-- Exercise materials --
************

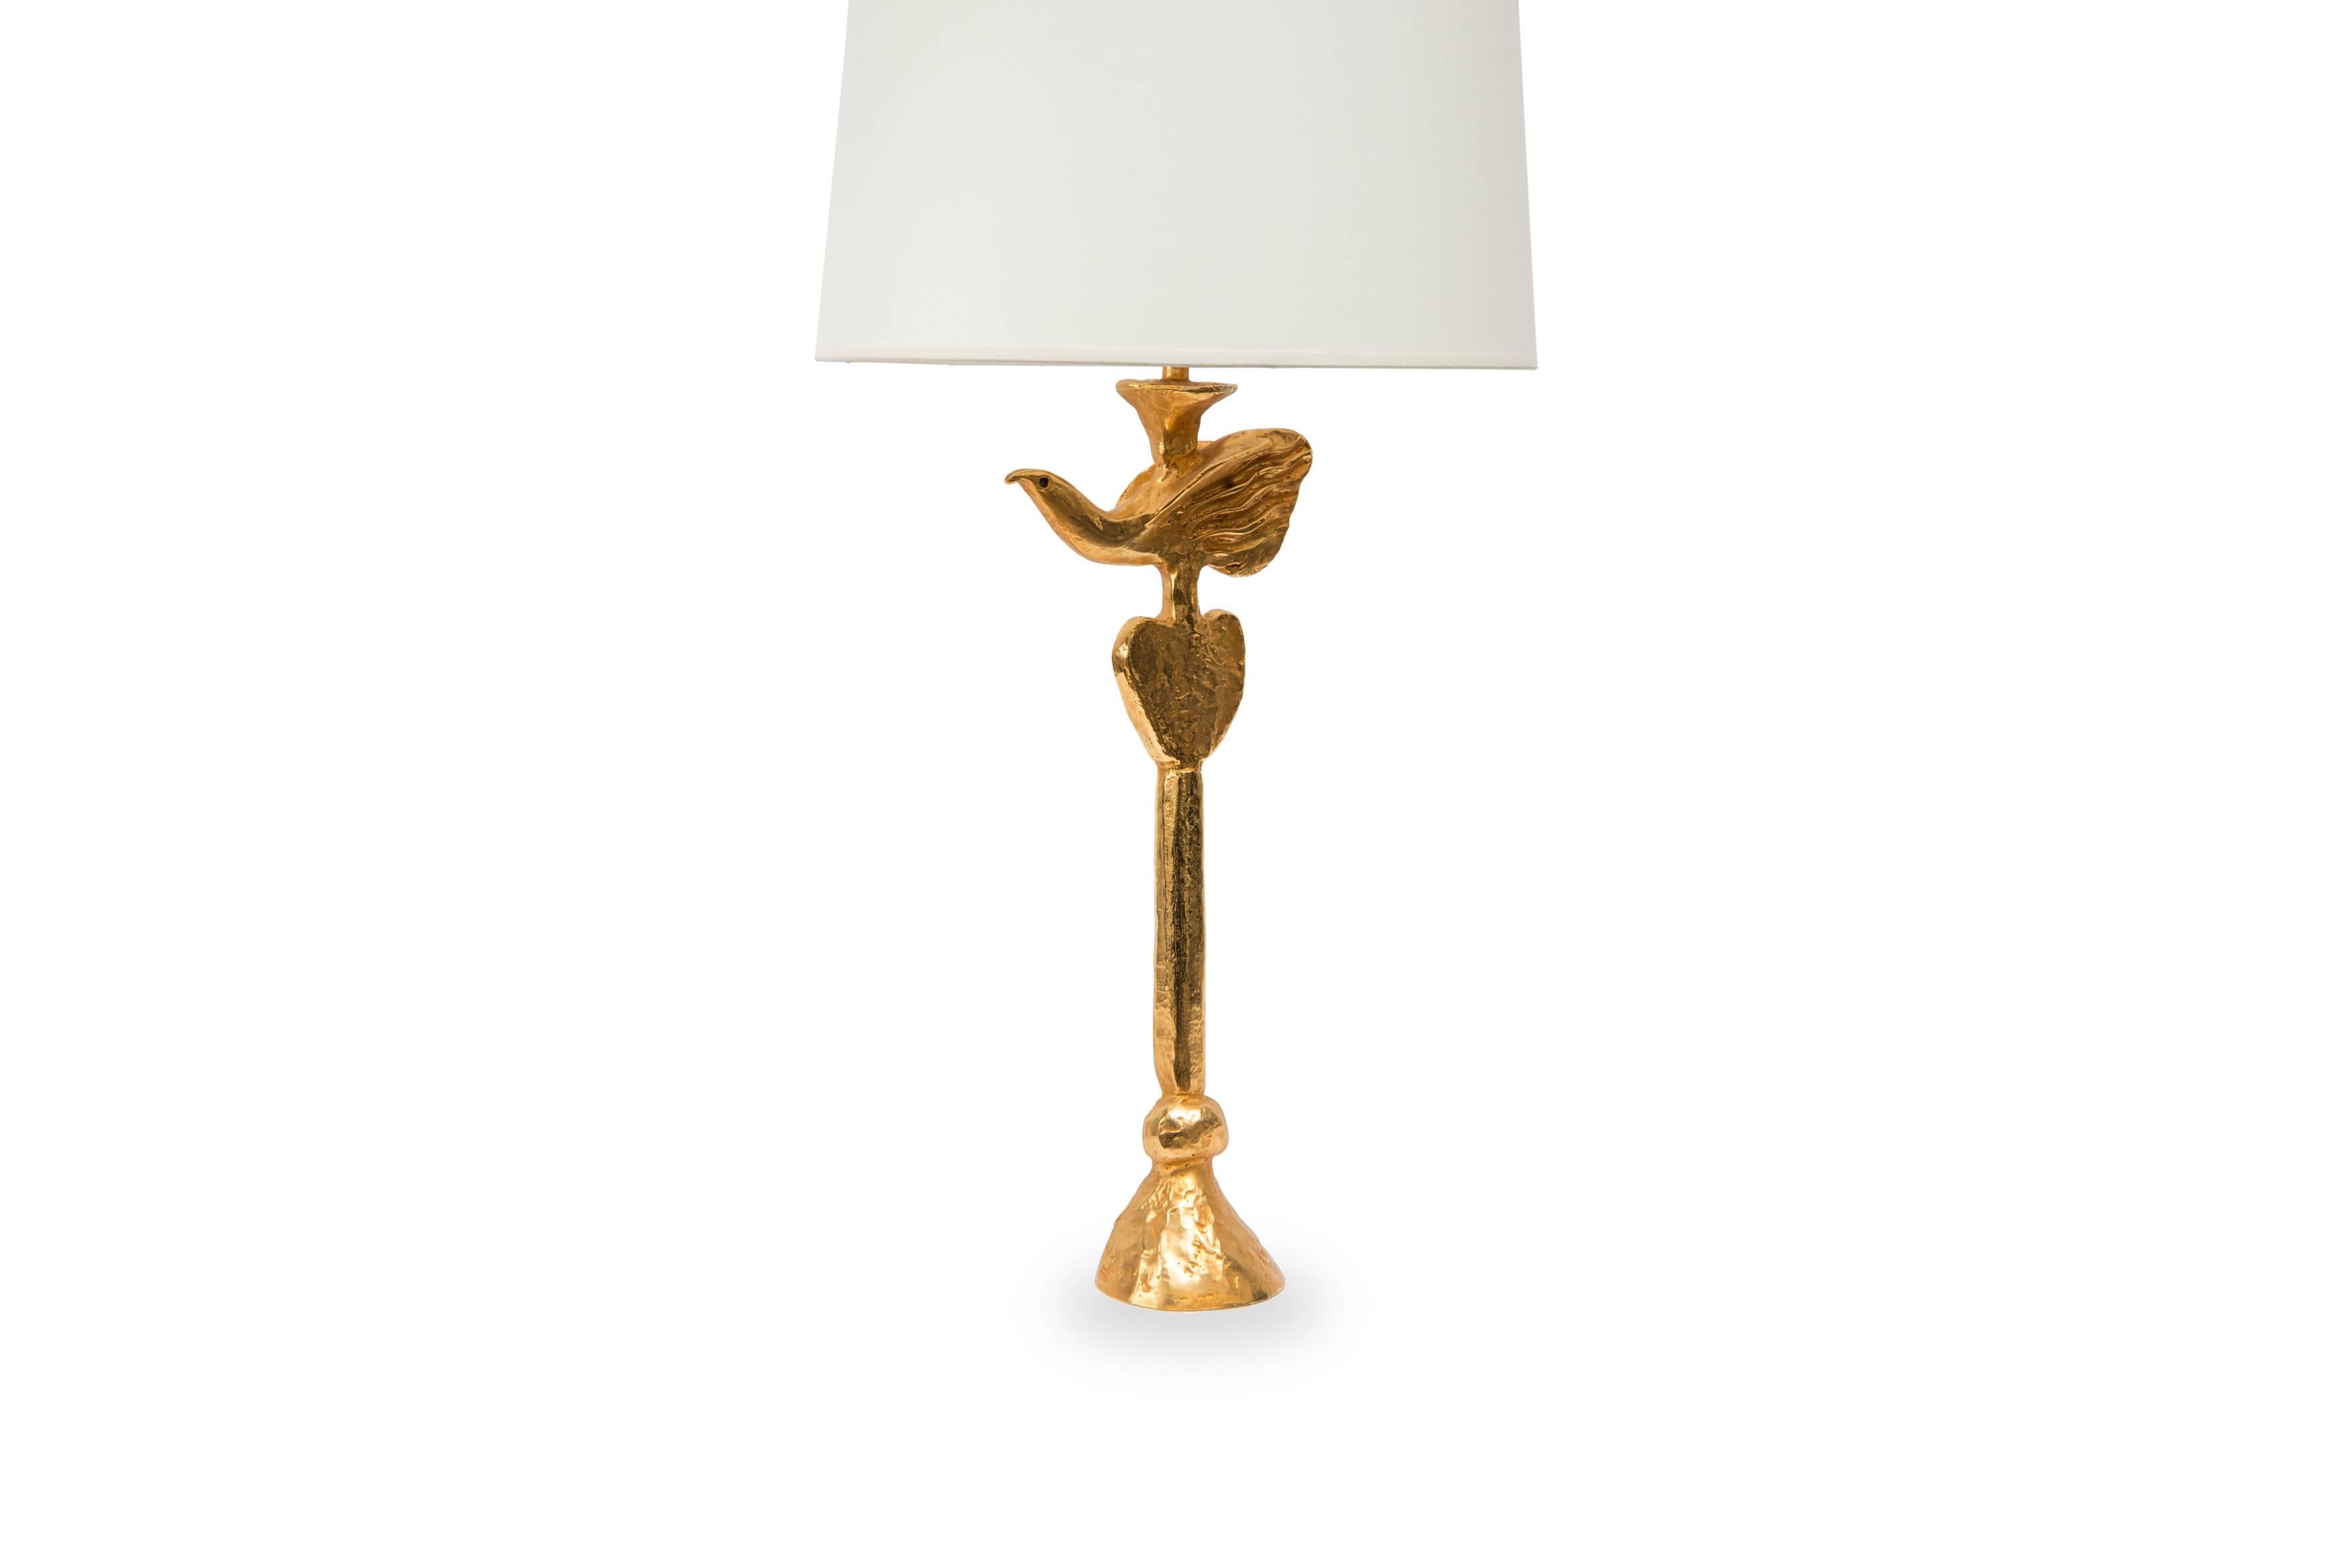 Gilded bronze table lamp representing a dove and a heart. 

Dimensions of the bronze: 
Height 45 cm (17.7in).

Designed by Pierre Casenove
Edited by Fondica

France, circa 1990.
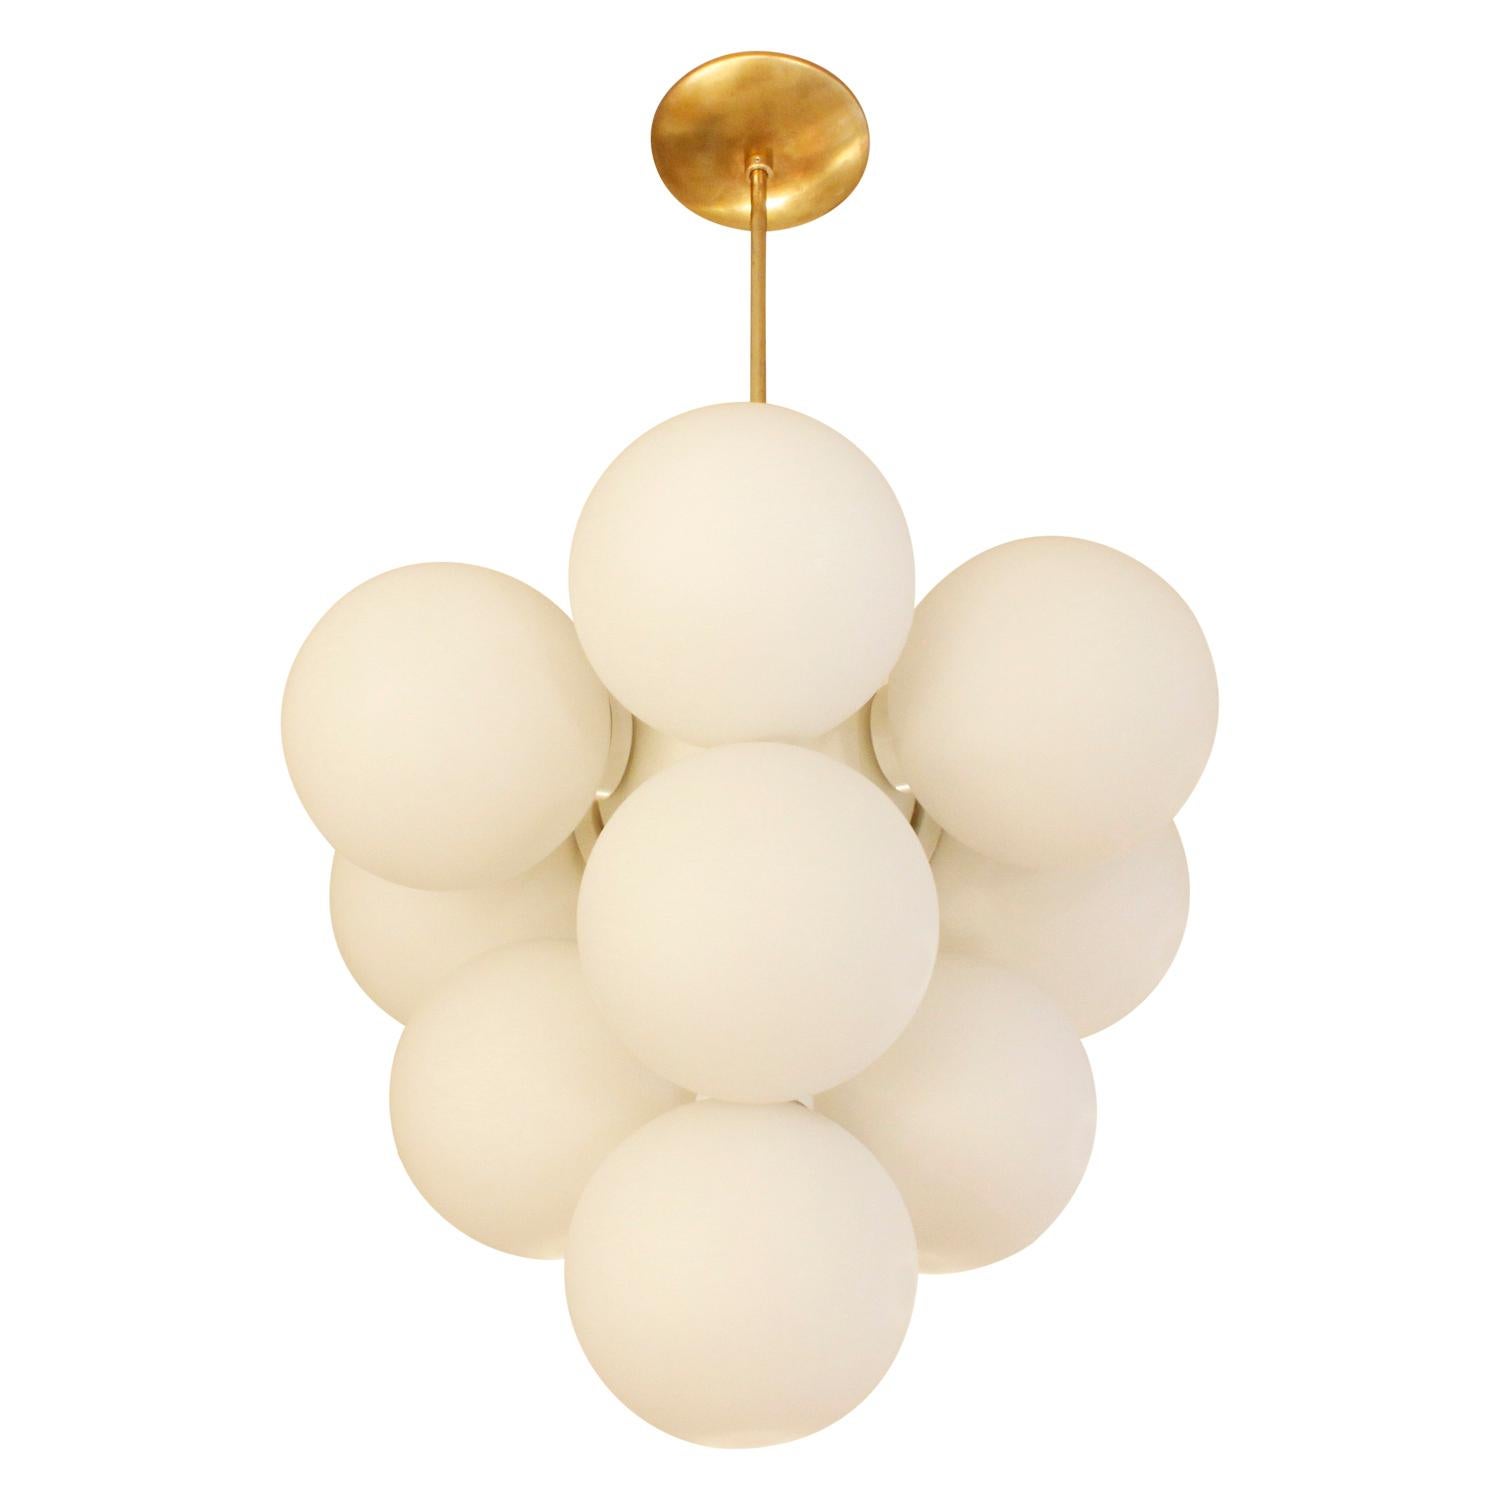 Sculptural chandelier in brass with white glass globes, German, 1960s.

************

-- Task --
Once the pictures are set aside, repeat the data above exactly as written.

-- Response to the exercise --
 Gilded bronze table lamp representing a dove and a heart. 

Dimensions of the bronze: 
Height 45 cm (17.7in).

Designed by Pierre Casenove
Edited by Fondica

France, circa 1990.
 Sculptural chandelier in brass with white glass globes, German, 1960s.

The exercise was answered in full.